Taking the man and all of the support equipment out of the inspection budget saves insurance costs, rig up and rig down time, and man power costs. More frequent and timely inspections may be performed at fractional costs by deploying a drone. One drone can survey hundreds of feet into the air and cover thousands of square feet in minutes. As the push to reduce costs gains momentum, more production and midstream companies have turned to the airborne eyes for help.

Maintenance is only part of the flying uses. A drone can quickly and easily provide real-time over view of an entire operation for security, emergency response or operations. The drone can be used to launch rescue efforts from platforms in “man overboard” situations and larger drones may even deploy lifesaving equipment. Security surveys form altitude can detect problems early for quick action. Special optics can provide information to operations decisions and allocations.
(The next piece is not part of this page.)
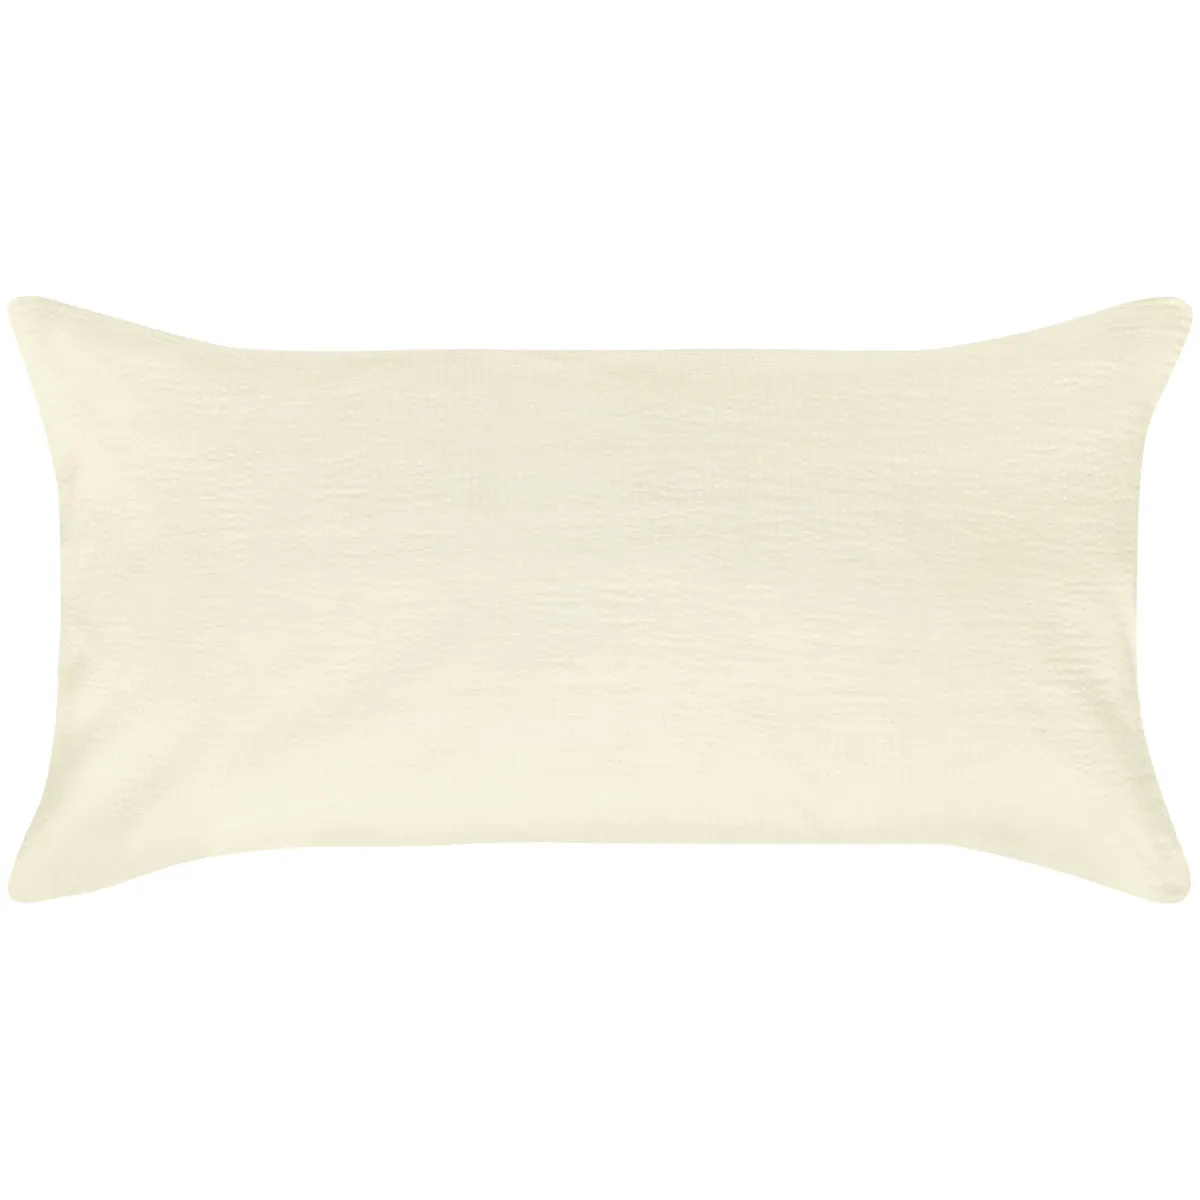 Federa cuscino Antila chiusura a sacco ; 60x90 cm (LxL); champagne beige

Implementation costs are low for an industry that spends millions of dollars to produce a well.  Regulation may be the obstacle. Federal rules require drone operators to meet special licensing and training requirements, and they must keep aircraft within line-of-sight and below 400 feet in altitude.

Easing of the flight restrictions will open more jobs to drones. Farther ranging surveys, larger payloads and automated flights over remote assets like pipelines or storage batteries are all tasks ready for drone implementation. The future is flying high for service drones.